◆ SOURCE DATA:

((

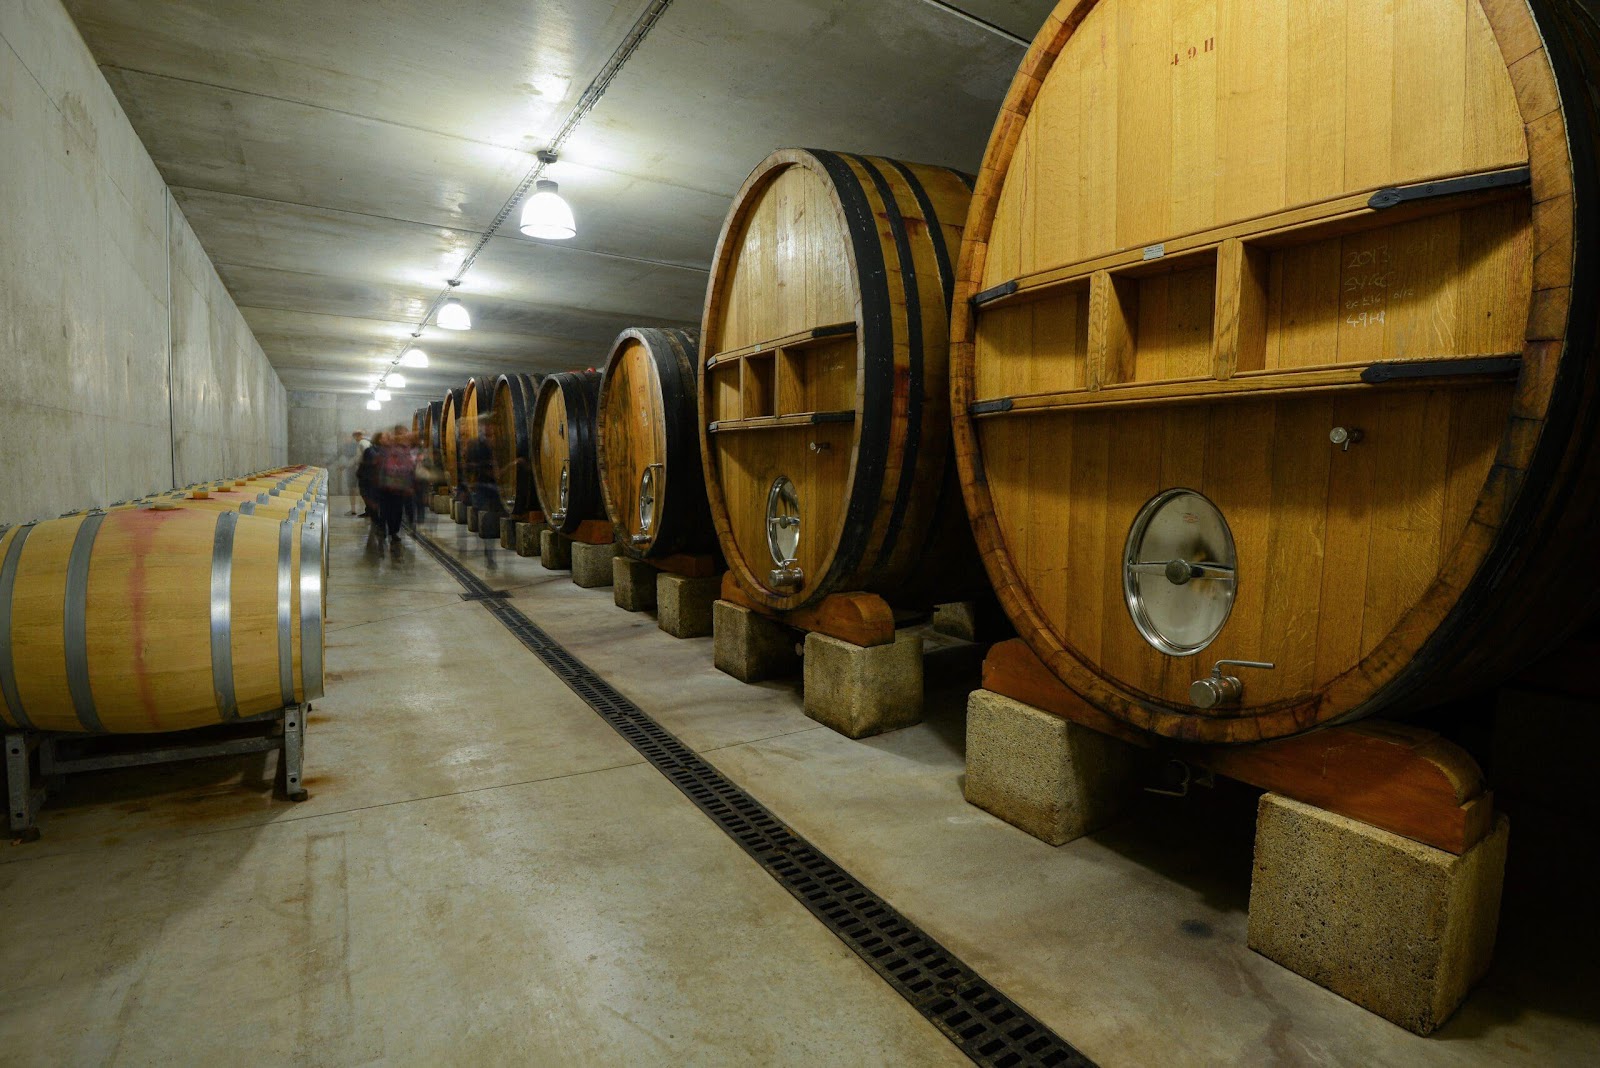 Several barrels in a cellar

Description automatically generated
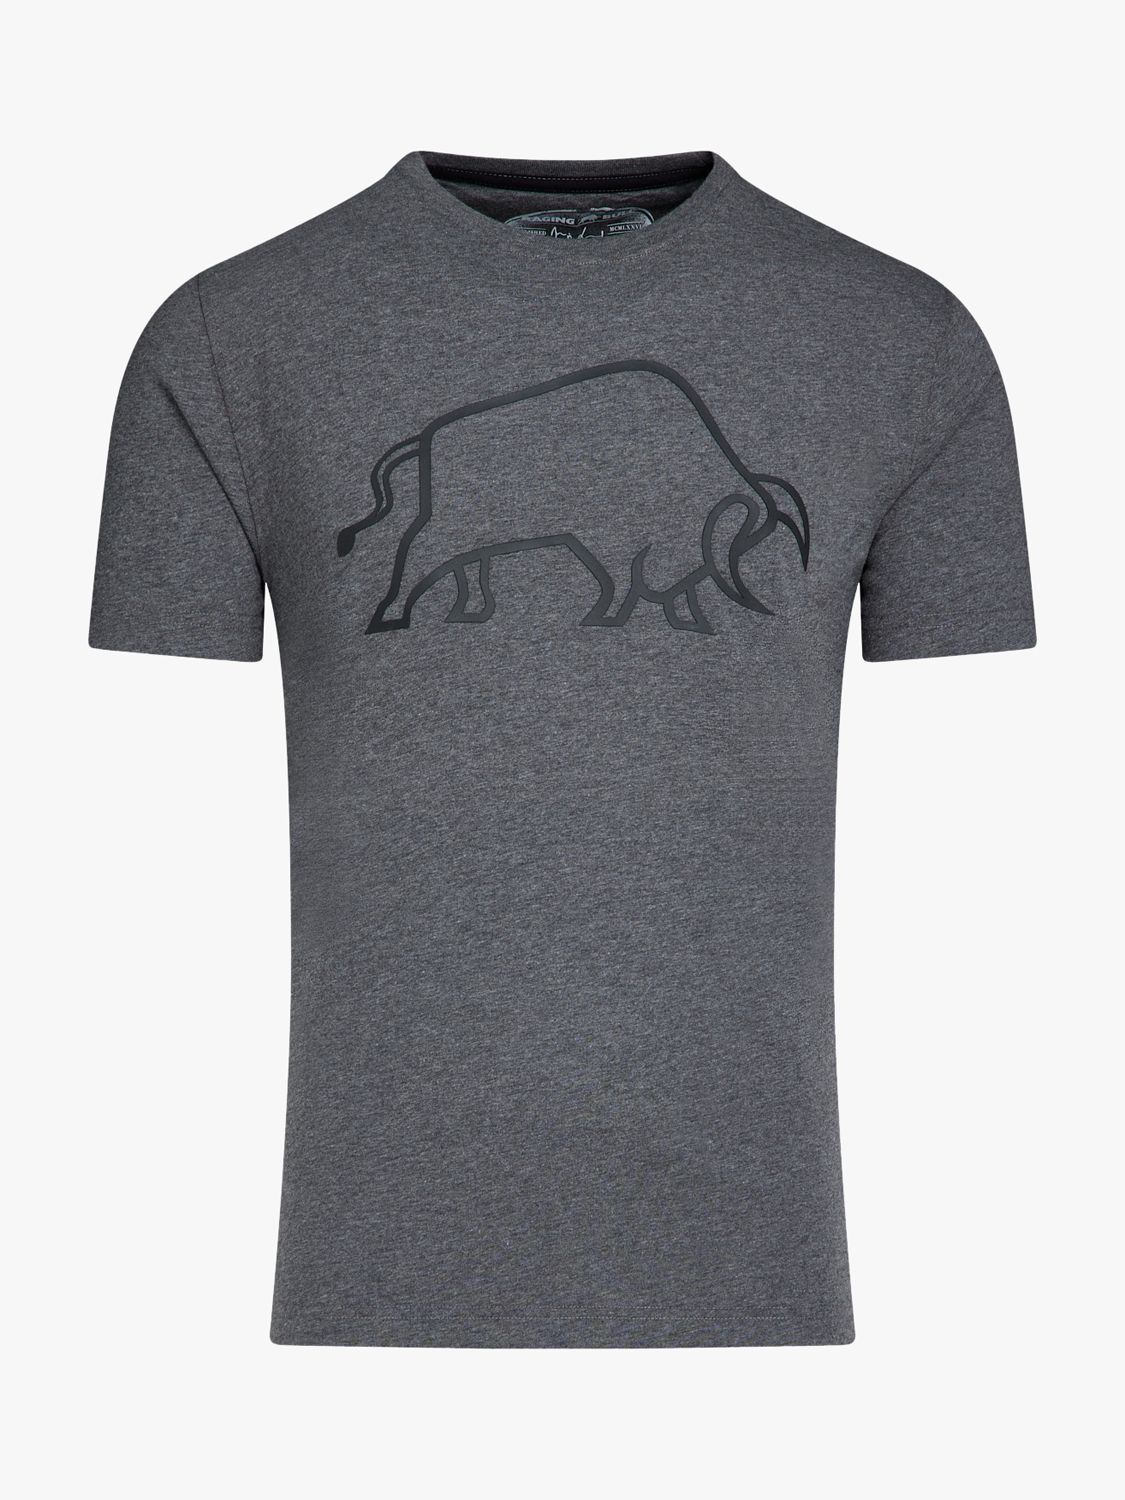 Buy Raging Bull High Build Bull T-Shirt, Charcoal Online at johnlewis.com

))

◆ WORK ORDER: Quote each line of the listing exactly, but leave the pictures out.

◆ TASK RESULT:
 Several barrels in a cellar

Description automatically generated
 Buy Raging Bull High Build Bull T-Shirt, Charcoal Online at johnlewis.com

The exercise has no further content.